Other than that, I'll add my vote for Swan Song, The Stand, and The Road (if you really want to go dark).


----------



## Cherise (May 13, 2012)

I'll 4th or 5th The Stand.


----------



## Paul Hardy (Mar 11, 2011)

Let's add some Britishness! John Wyndham's _The Day Of The Triffids_ has been mentioned, but he did more than one end-of-the-world book. There's also _The Chrysalids_, in which psychic youngsters from a puritan society long after WW3 realise they're not alone in the world, and _The Kraken Wakes_, which sees an assault from deep-sea dwelling aliens upon the world (look up the concept of the 'cosy catastrophe' for more on Wyndham)

Horror fans might enjoy James Herbert's _Domain_, the third in his Rats trilogy, which shows his mutant rats taking over after London is nuked. Definitely starts with a bang. No need to read the first two in the trilogy. He also wrote _1948_, which shows an alt-history apocalypse: the Nazis use a bioweapon at the end of WW2 that wipes out all but a few survivors.

Or there's always the comedy approach: Robert Rankin's _Armageddon: The Musical_, which has to be read to be believed; while those with a hankering for something literary may enjoy Doris Lessing's _Memoirs of a Survivor_.

If you're writing a PA story, be very careful about how you deal with the apocalypse itself. Whatever kind of apocalypse it is, it's the biggest event in human history and can easily overload the rest of the story, making everything else seem dull and uninteresting in comparison. IMHO, this is what happens in _The Stand_ - an incredible beginning is never matched by the rest of the book. It's usually better to start after the apocalypse (eg _The Road_, _A Canticle for Liebowitz_), and deal with it in flashback or through stories told/discovered by the characters.

I have some experience writing postapocalyptic stories. But then I'm British, so I don't want to blow my own trumpet (although the link is in my sig!)


----------



## Miss Sheila (Feb 15, 2014)

I'm going to throw a vote in for _The Old Man and the Wasteland_, too. Very much unlike the majority of indie fiction in the genre.

_The Pure Trilogy_ by Julianna Baggott is good, light reading too, if you don't mind weird and not-entirely plausible.

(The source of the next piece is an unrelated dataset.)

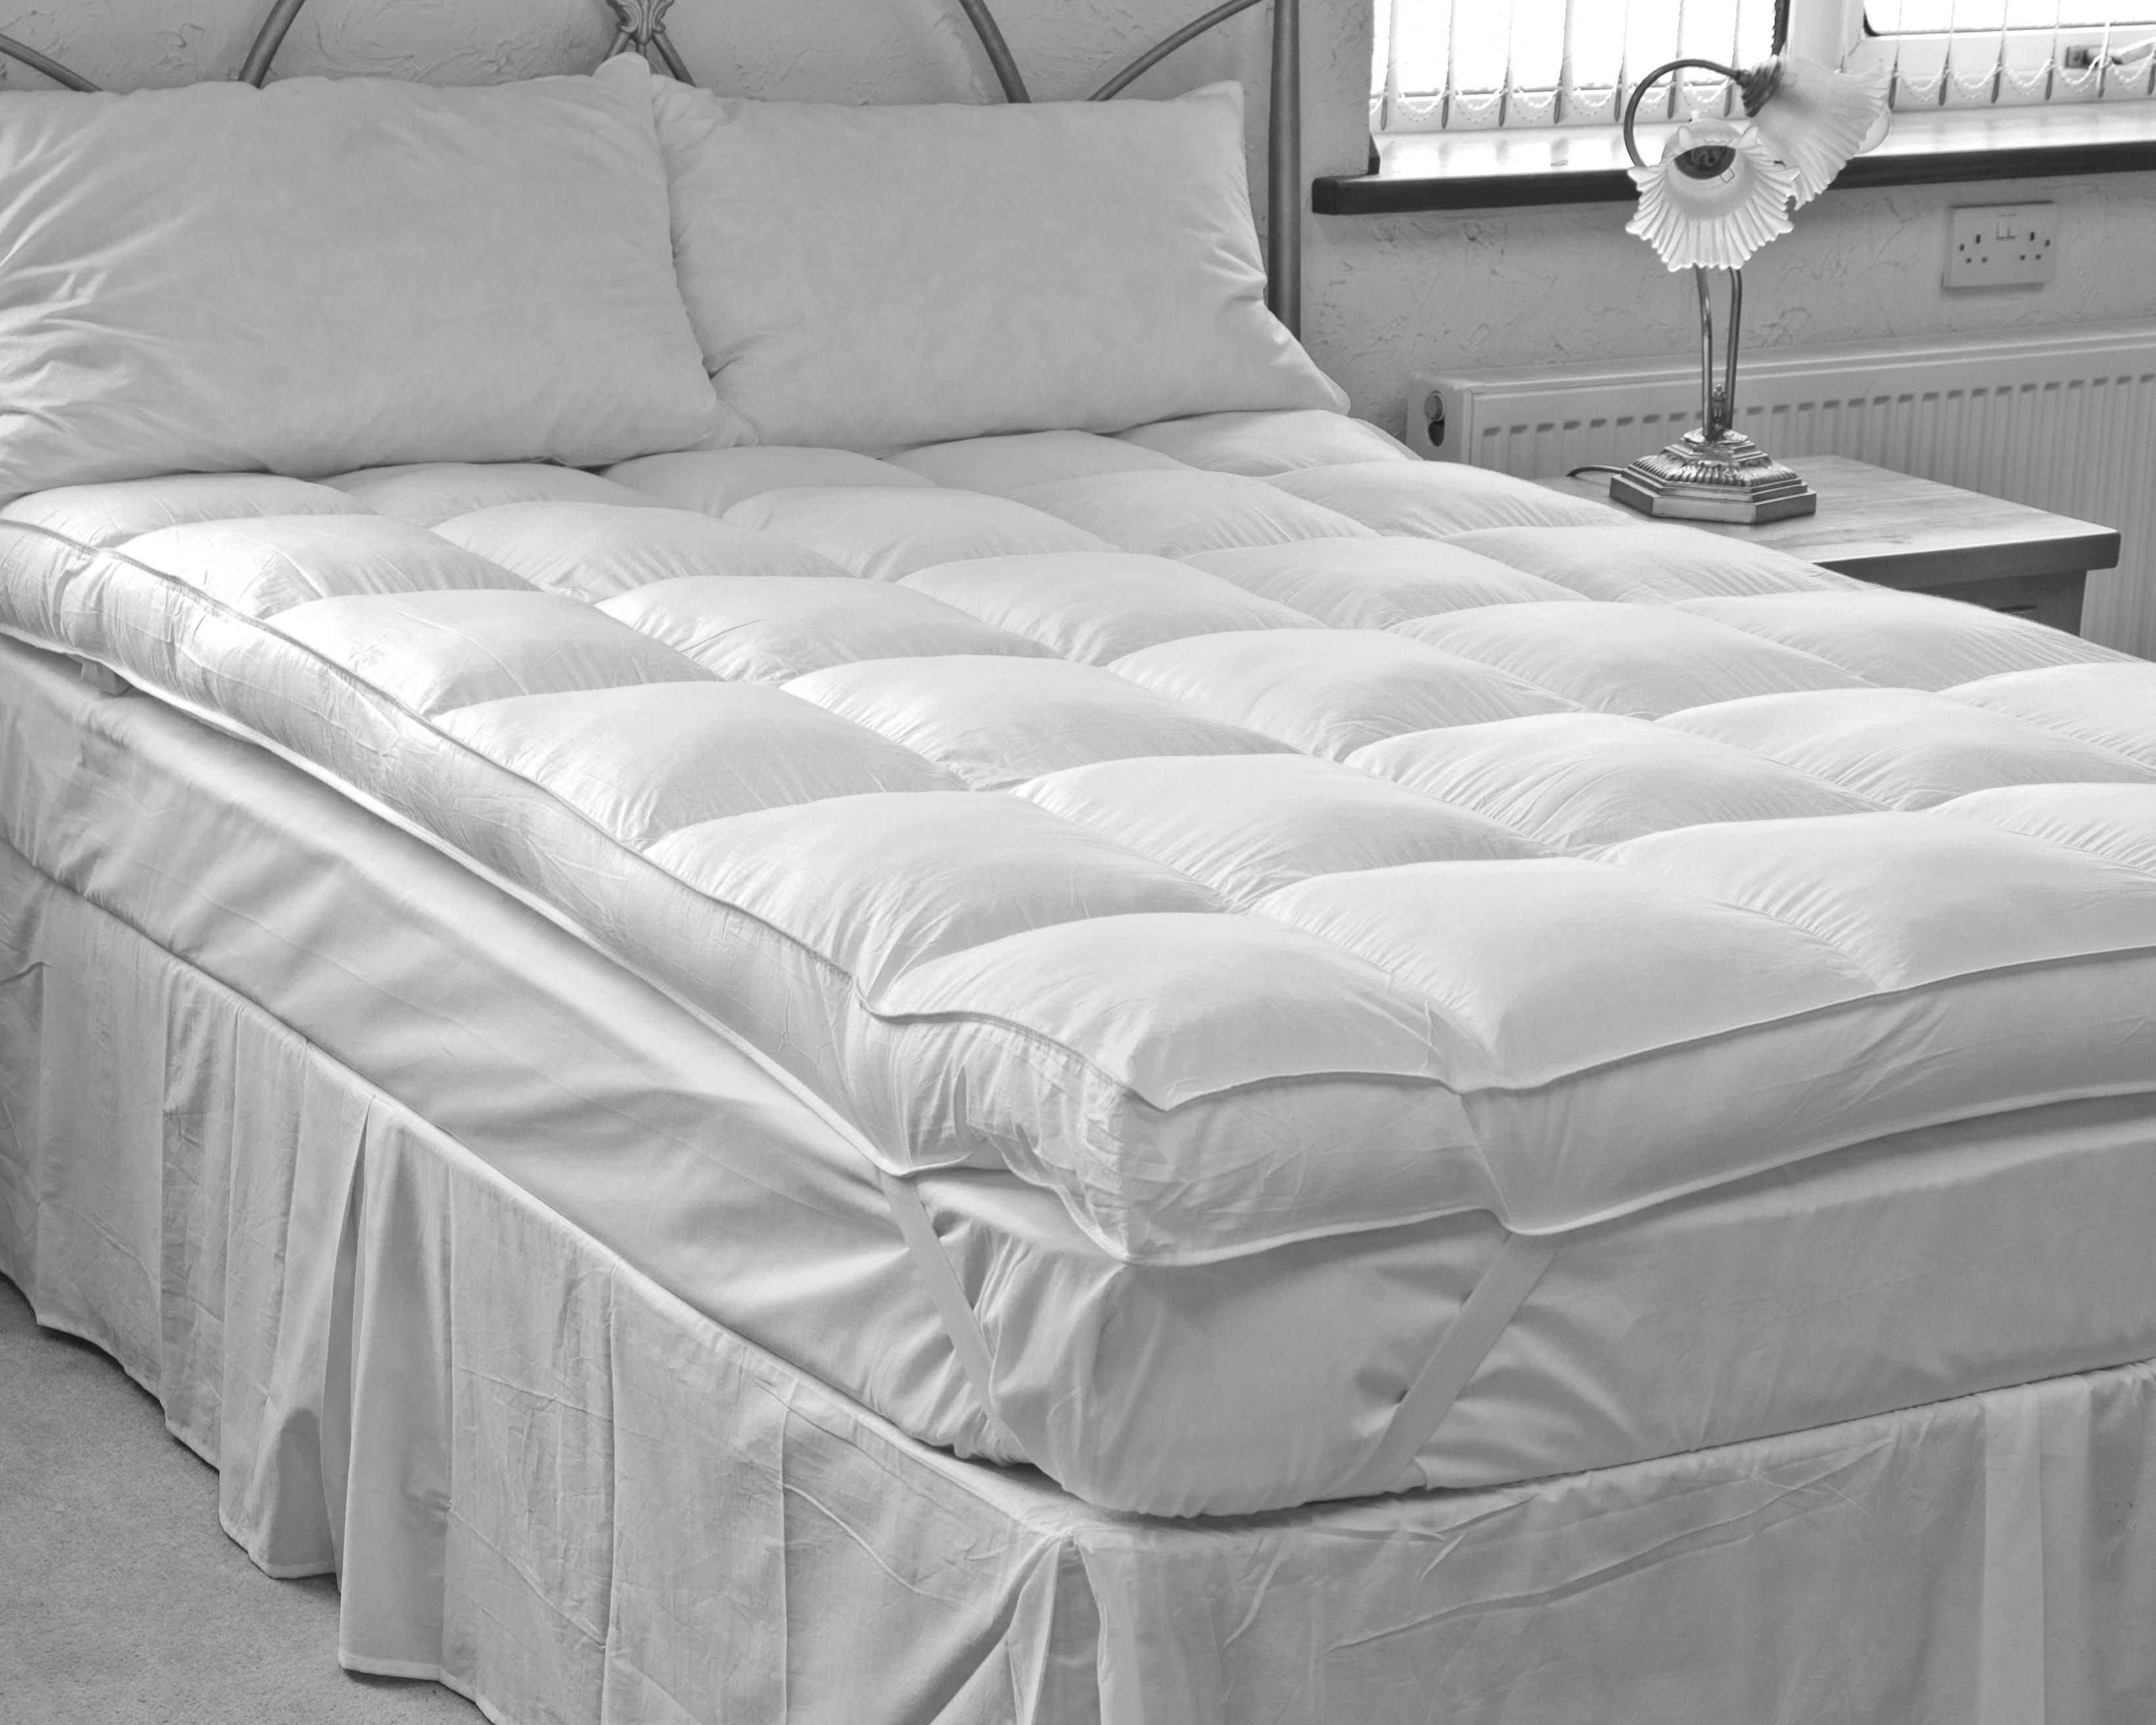 thick mattress topper. Hotel-Quality-Slight-Seconds-4-inch-Thick-Extra- Thick Mattress Topper A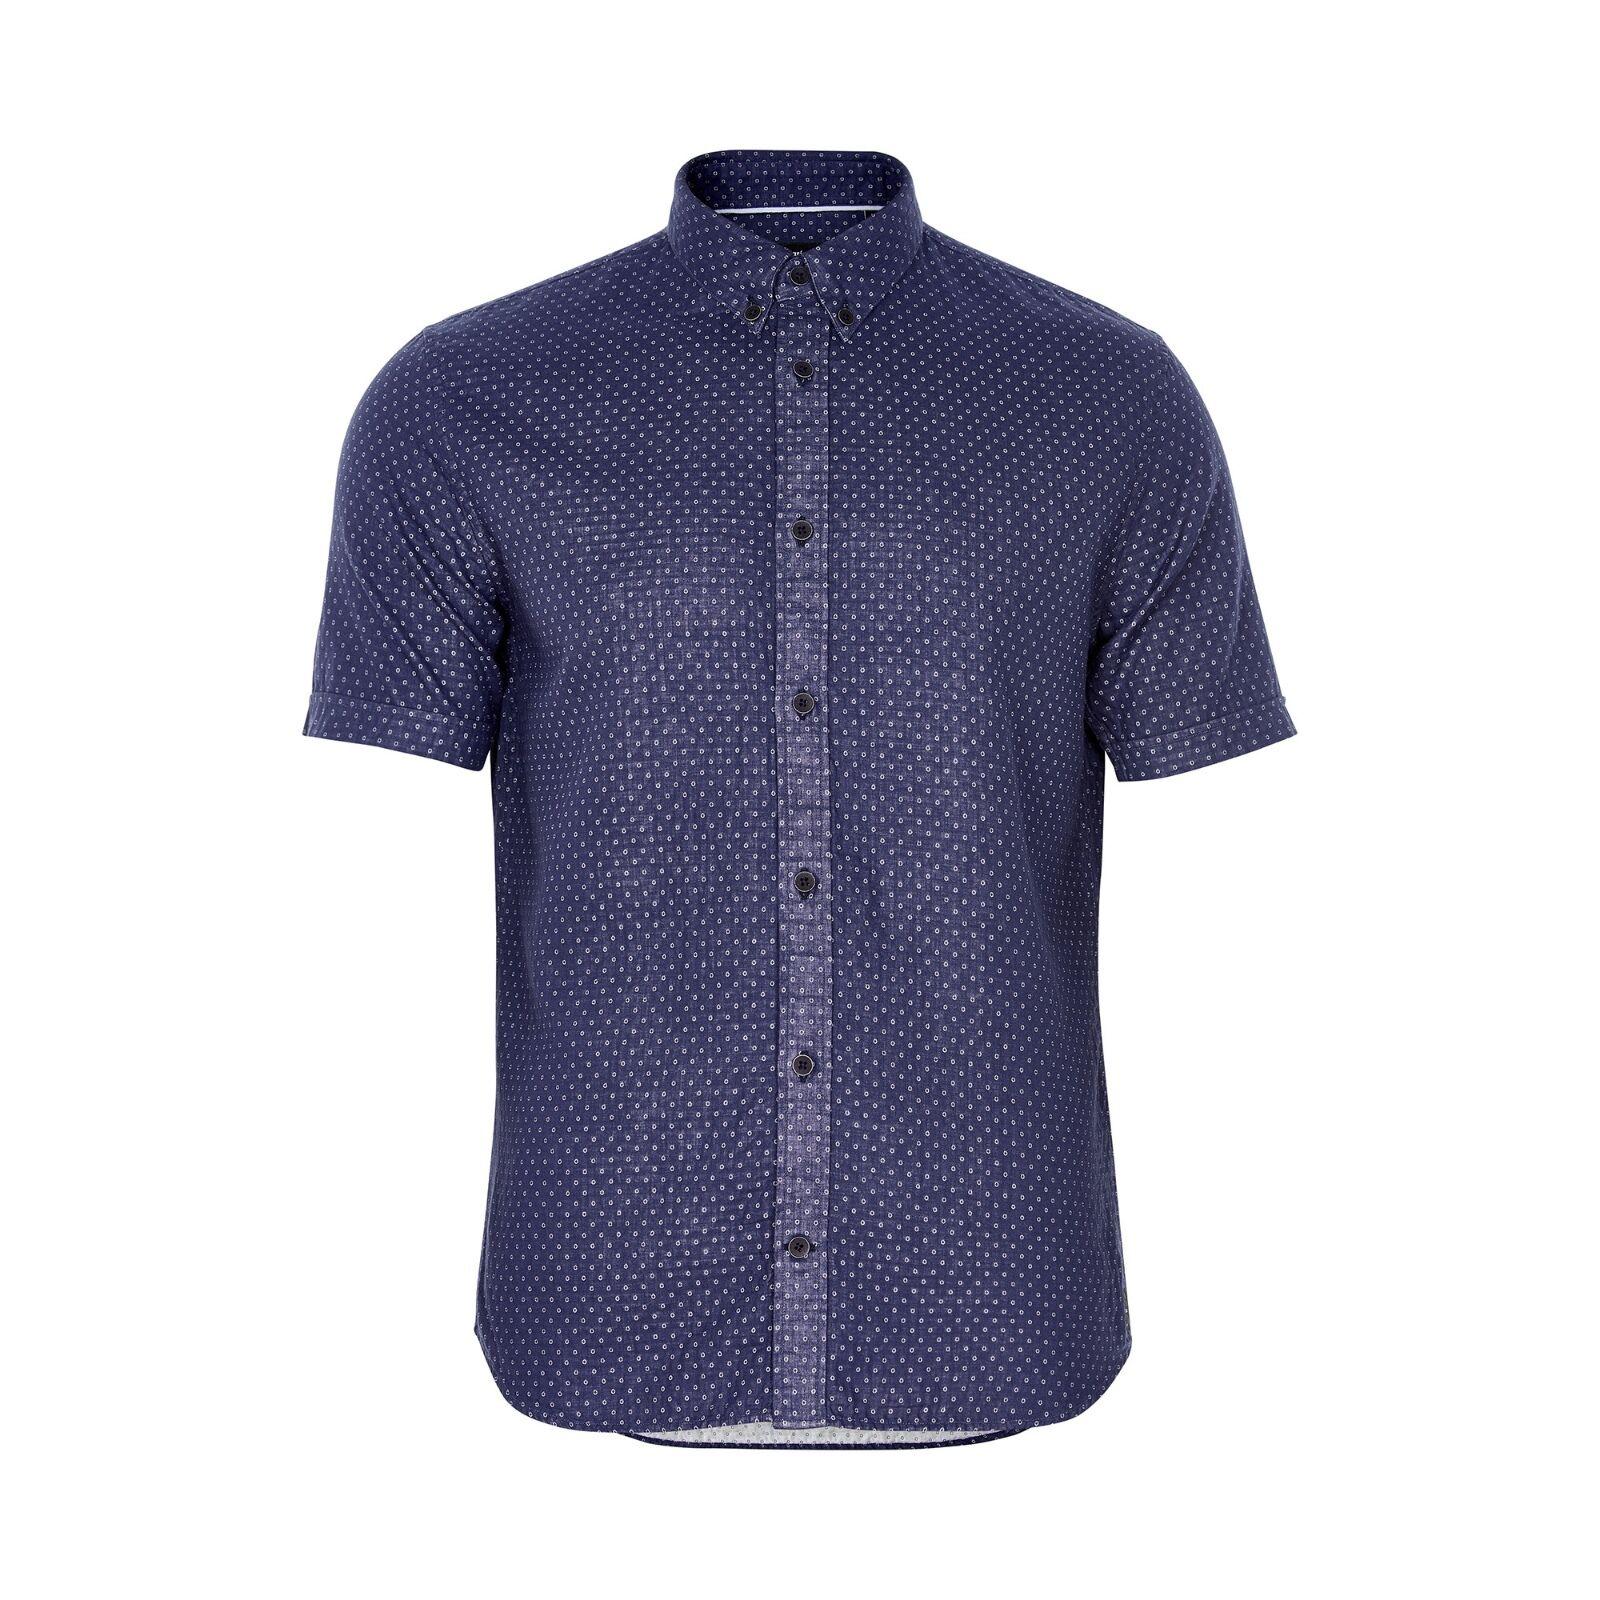 Matinique Trostol BD bluee Dot Shirt Navy Blazer - Large NEW AW17

_The Windup Girl_ by Paolo Bacigalupi might also make it to the list, though be aware it may contain "trigger material" regarding abuse.

_Ship Breaker_ by Paolo Bacigalupi is another light read you might enjoy.

Have you ever tried reading graphic novels? A lot of folk discount them as being too geeky or for children, but some of the best storylines of the genre take place in graphic novels.

_V for Vendetta_ by Alan Moore is a post-apoc dystopian classic. The movie touches on a little of its greatness, but not all (that's Hollywood, for ya).

_Y: The Last Man_ series by Brian K. Vaughan is another one of the masterpieces.

Another off-beat suggestion. Try watching some English-dub anime. Again, don't dismiss them. Sure, they're cartoons, and the dialogue is often hokey, but the storylines are unique:

Akira
Bubblegum Crisis: Tokyo 2040
Origin: Spirits of the Past

I'm sure there's a bunch more suggestions I'm forgetting just at the moment.


----------



## ChrisWard (Mar 10, 2012)

Best sci-fi I've ever read is The Inverted World by Christopher Priest. It's rightly considered a classic of the genre. I read it because I heard it had a great twist ending and it didn't disappoint. Masterful stuff. Another sci-fi I really like but is totally different is Destiny's Road by Larry Niven.


----------



## Sam Kates (Aug 28, 2012)

Paul Hardy said:


> It's usually better to start after the apocalypse (eg _The Road_, _A Canticle for Liebowitz_), and deal with it in flashback or through stories told/discovered by the characters.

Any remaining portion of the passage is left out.